BigML is a commercial platform with a generous free subscription. It is a cloud based service with an attractive interface and support for decision tree classifier creation and random forest. Models can be accessed via an API.
KNIME is a visual data mining platform in open source and commercial versions. It caters for decision tree classification of nominal attributes, while other attributes may be nominal or numerical. The algorithm provides two quality measures for split calculation; the gini index and the gain ratio. Further, there exist a post pruning method to reduce the tree size and increase prediction accuracy. The pruning method is based on the minimum description length principle.
Orange includes multiple implementations of classification tree learners: a very flexible TreeLearner, a fast SimpleTreeLearner, and a C45Learner, which uses the C4.5 tree induction algorithm.
PC4.5 uses C4.5 to build decision trees on parallel hardware architectures. PC4.5 runs on SunOS, Solaris and Linux machines. In an N trial c4.5 run, a single process builds N classification trees one by one and then picks the best one. In PC4.5, the N trials are each handled by a process and each process is run on a different machine (if N or more machines are available).
RDataMining is a R package that performs most data mining functions, including decision tree classification.
RapidMiner comes in both open source and commercial versions. The support for decision trees includes classification for both nominal and numeric data, and splitting is accomplished using information gain, mini index, or gain ratio algorithms.
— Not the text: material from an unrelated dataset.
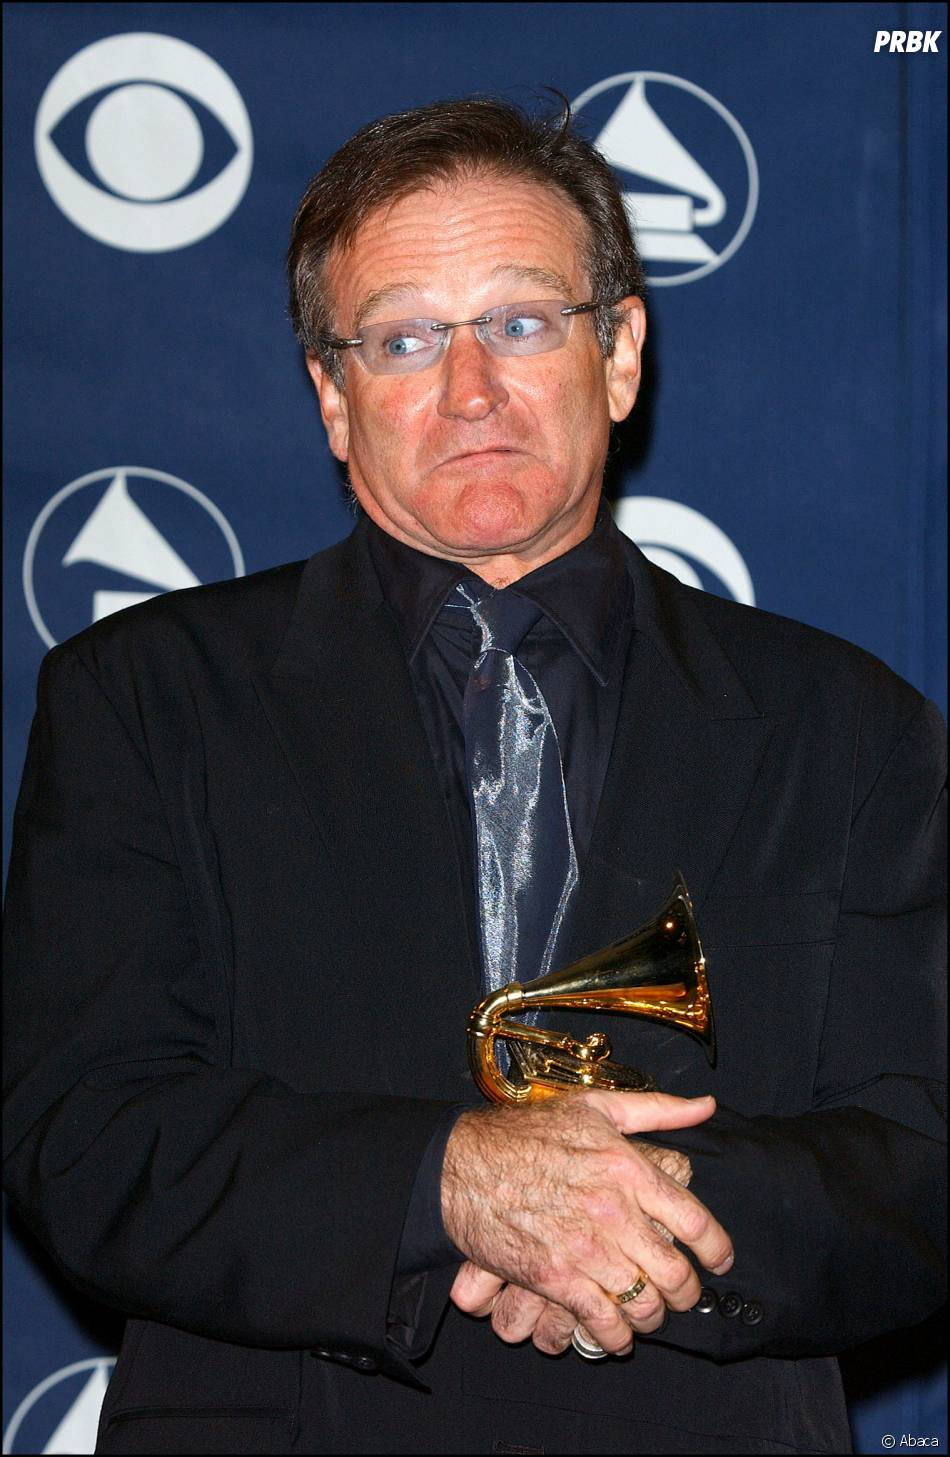 Robin Williams aucune trace d'alcool ou de drogue relevée lors de sa mort

Several parameters control the creation of the tree, including pruning parameters. A CHAID (Chi-square Automatic Interaction Detector) operator is also included that uses a chi-squared based splitting criterion.
Scikit-Learn is a machine learning library for Python. It includes a large number of methods and algorithms, and decision tree classification is well catered for. The supported algorithms include ID3, C4.5, C5.0 and CART.
Smiles is a machine learning system that integrates many different features from other machine learning techniques and paradigms and, more importantly, it presents several innovations in almost all of these features. In particular, SMILES extends classical decision tree learners in many ways (new splitting criteria, non-greedy search, new partitions, extraction of several and different solutions), it has an anytime handling of resources, and has a sophisticated and quite effective handling of (misclassification and test) costs.
WEKA is often incorporated into other data mining and analytics platforms – KNIME and RapidMiner for example. It contains a large number of decision tree classifiers – about a dozen in all.
YaDT is a new from-scratch implementation of the entropy-based tree construction algorithm. It has been designed and implemented in C++ with strong emphasis on efficiency (time and space) and portability (Windows/Linux, 32/64 bit executable).